Annotation visualization over videos only works on videos with constant frame rates. For the best experience, include a frame_rate field on your video datapoints in frames per second as a float or int number.

Setting up bounding box annotations on videos#

To overlay bounding boxes on videos, you will need to define a new class based on LabeledBoundingBox or BoundingBox annotations where a frame_id property is added. You are able to add additional properties if you wish which can be used for filtering and visualizations.

# video bounding box for pedestrians with pedestrian id,
# risk of collision and label indicating if bounding box
# is occluded.
class PedestrianBoundingBox(LabeledBoundingBox):
    frame_id: int
    ped_id: str
    occlusion: str
    risk: Optional[str] = None

    def set_risk(self, risk: str) -> None:
        object.__setattr__(self, "risk", risk)

Note

Kolena depends on the frame_id for rendering and it needs to be a zero-indexed integer.
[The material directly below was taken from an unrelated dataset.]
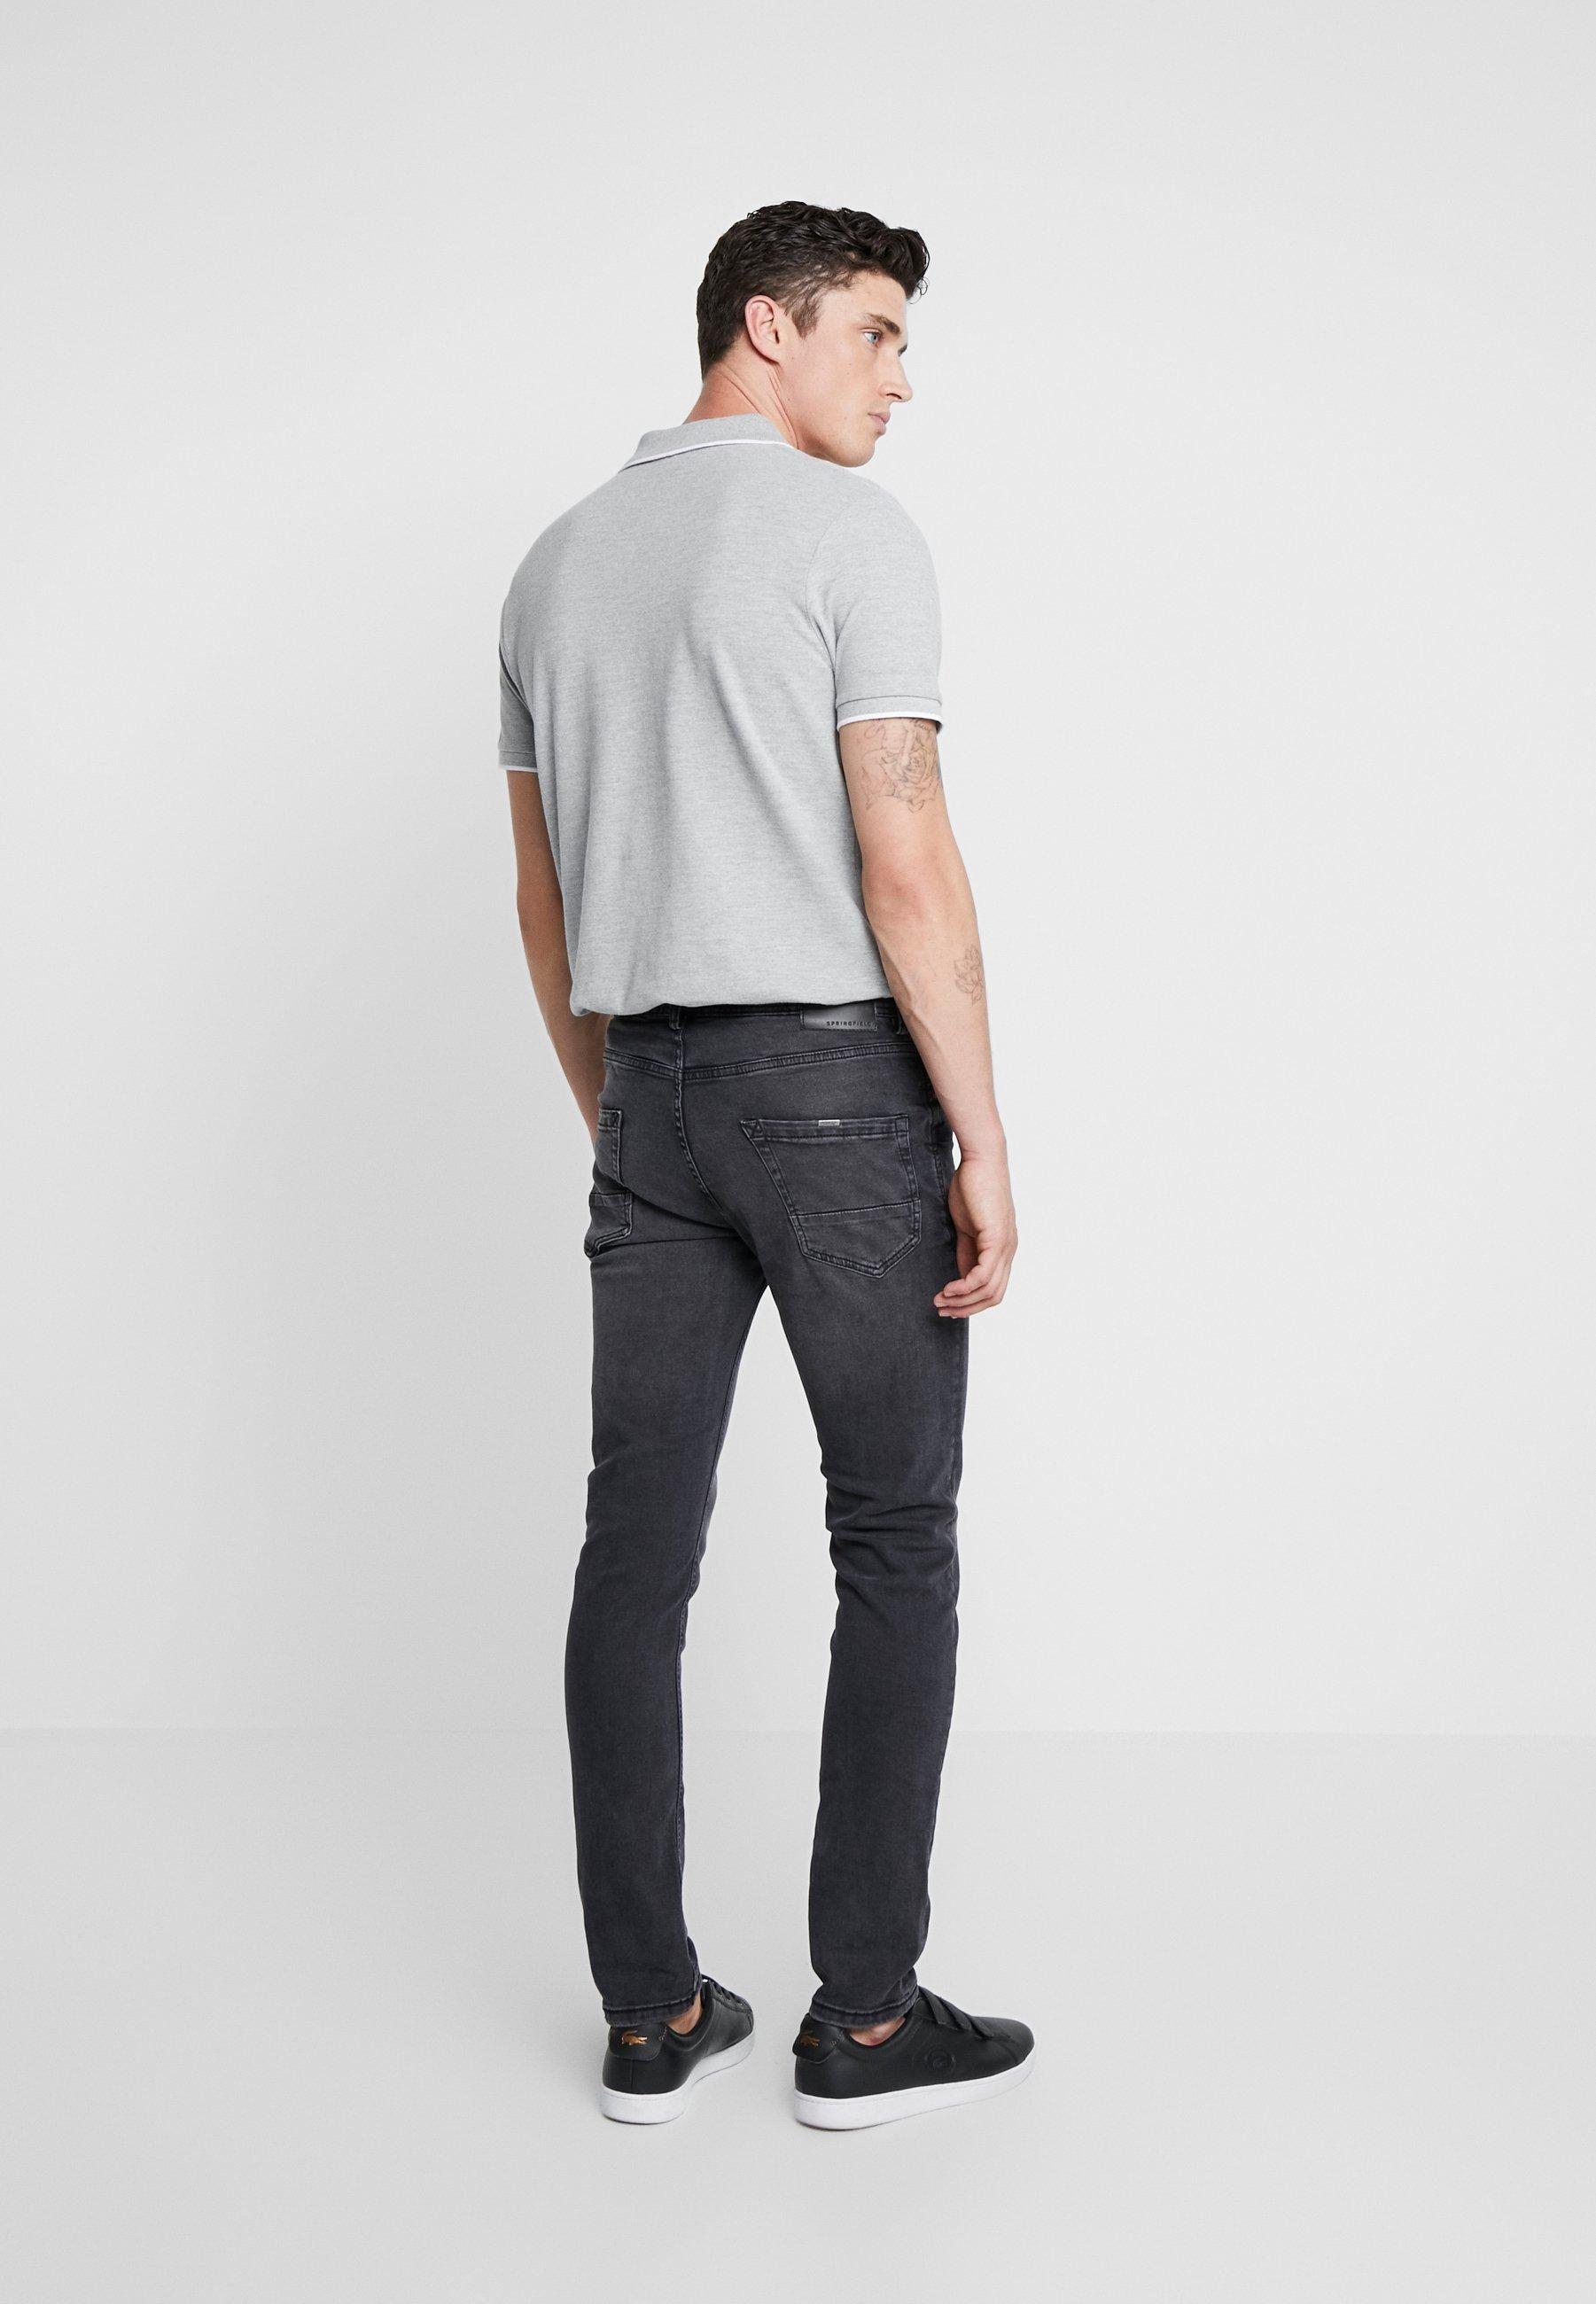 Jeans SkinnyBlack SkinnyBlack Springfield Springfield Springfield Jeans Jeans KcT1FlJ3

To overlay bounding boxes with inferences (used when uploading model results) you will need a new class based on ScoredBoundingBox or ScoredLabeledBoundingBox. The requirements for rendering on a video is similar to the previous example:

# video bounding box with inference (represented by score),
# frame_id, pedestrian id, occlusion category,
# time_to_event (in this case potential collusion of
# a pedestrian and vehicle), failed_to_infer for capturing
# no inference cases

@dataclass(frozen=True)
class ScoredPedestrianBoundingBox(ScoredLabeledBoundingBox):
    frame_id: int
    ped_id: str
    occlusion: str
    time_to_event: Optional[float]
    failed_to_infer: bool

Example

Follow the Crossing Pedestrian Detection example on how to setup video based dataset and model results.